*** Block opens ***

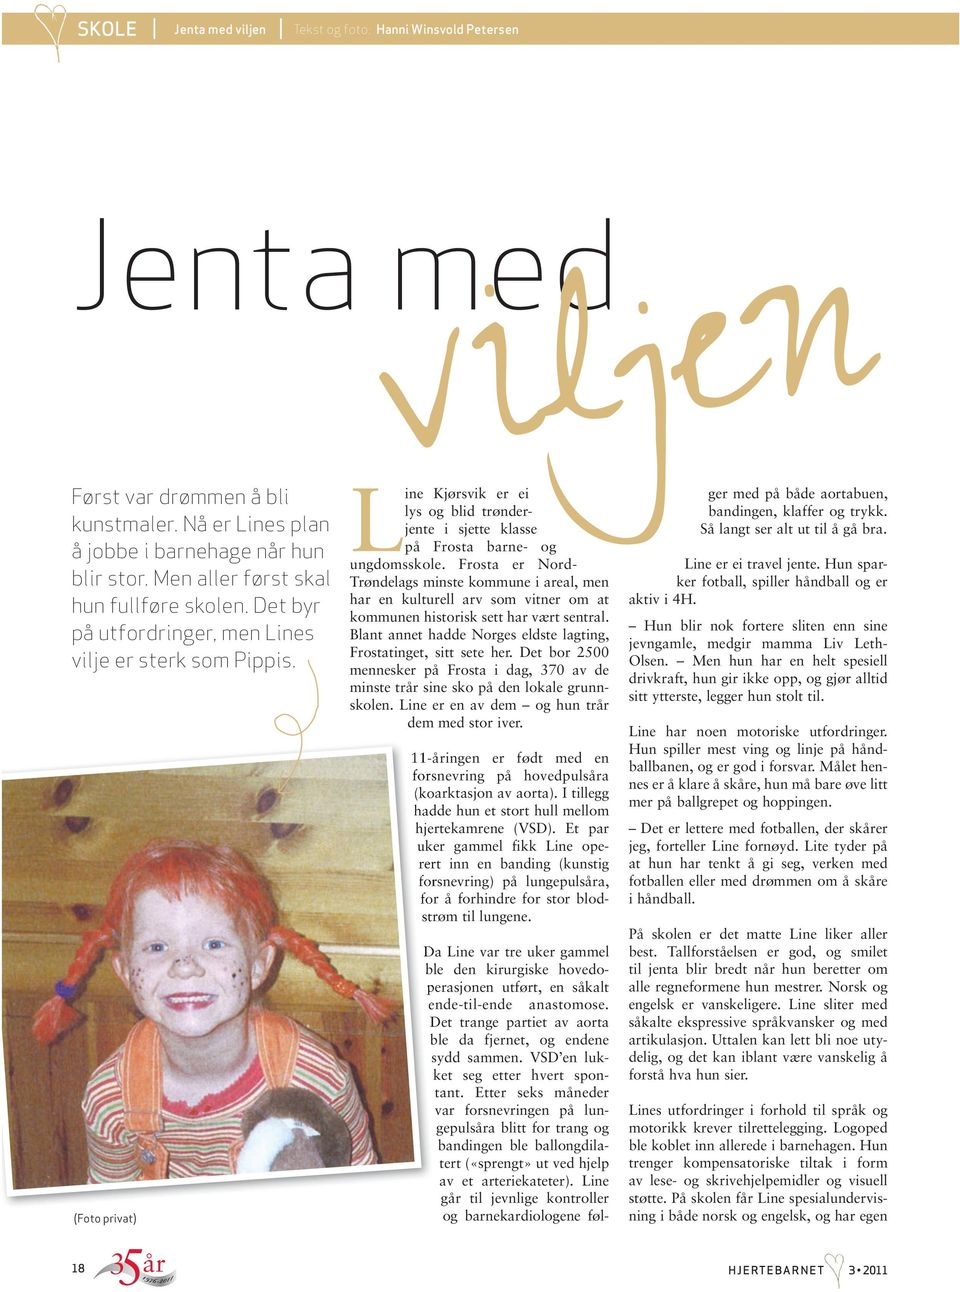 (Foto privat) Line Kjørsvik er ei lys og blid trønderjente i sjette klasse på Frosta barne- og ungdomsskole.
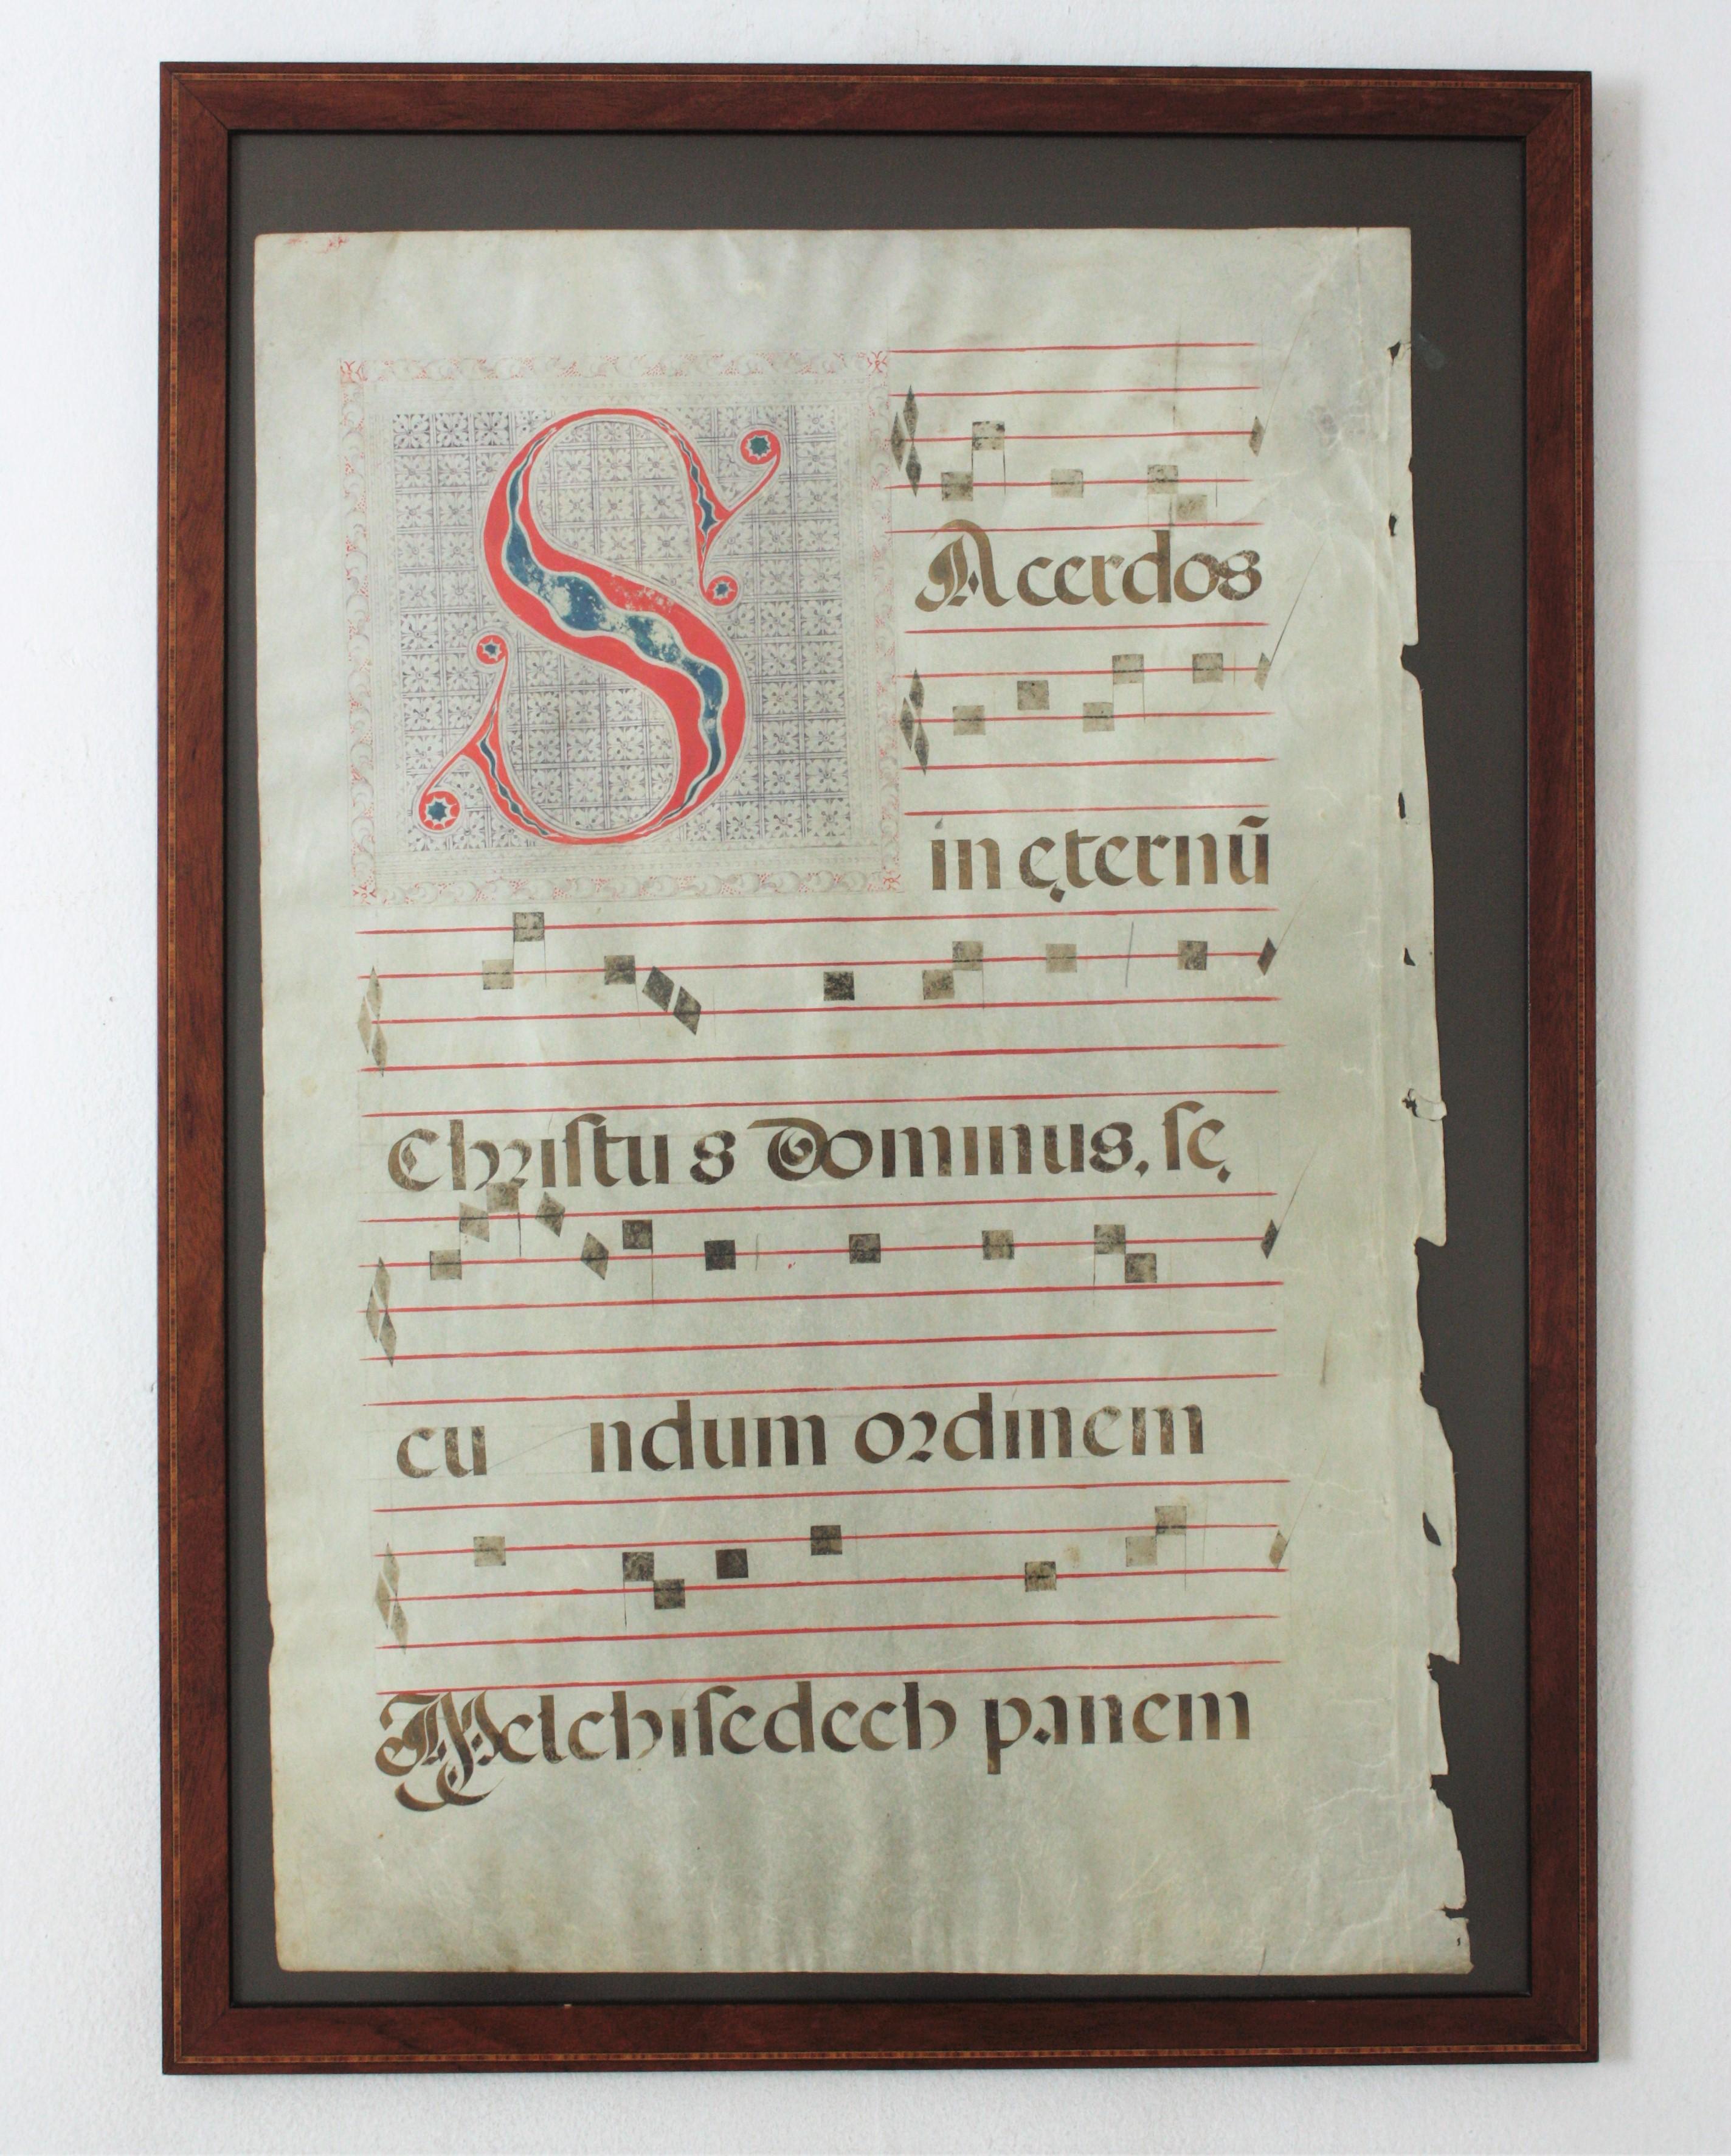 Grande feuille manuscrite avec chant grégorien sur parchemin
Livre de composition de chant grégorien

*** Block closes ***

-- Exercise requirements --
Copy out the material above exactly; the images stay out.

-- Reply --
 (Foto privat) Line Kjørsvik er ei lys og blid trønderjente i sjette klasse på Frosta barne- og ungdomsskole.
 Grande feuille manuscrite avec chant grégorien sur parchemin
Livre de composition de chant grégorien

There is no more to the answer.